**EXERCISE DIRECTIONS:** Copy all lines below exactly as written. Leave pictures out.

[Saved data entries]
▬▬▬▬▬▬▬▬▬▬

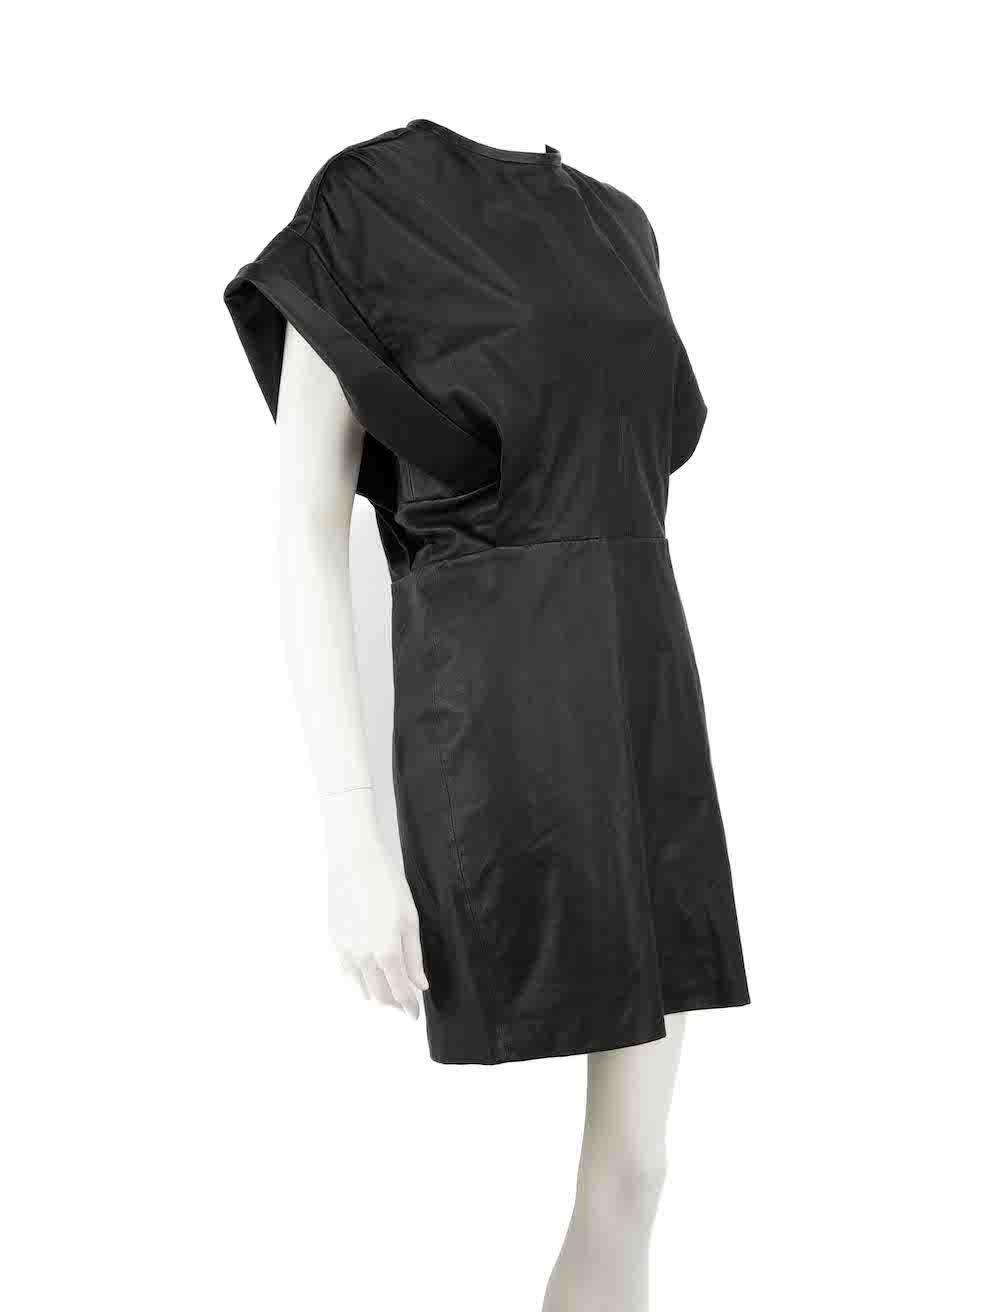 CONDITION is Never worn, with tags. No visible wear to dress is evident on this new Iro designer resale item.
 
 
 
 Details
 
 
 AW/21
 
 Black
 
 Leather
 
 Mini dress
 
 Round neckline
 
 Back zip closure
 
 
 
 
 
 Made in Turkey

▬▬▬▬▬▬▬▬▬▬

**RESULT OF THIS TASK:**
 CONDITION is Never worn, with tags. No visible wear to dress is evident on this new Iro designer resale item.
 
 
 
 Details
 
 
 AW/21
 
 Black
 
 Leather
 
 Mini dress
 
 Round neckline
 
 Back zip closure
 
 
 
 
 
 Made in Turkey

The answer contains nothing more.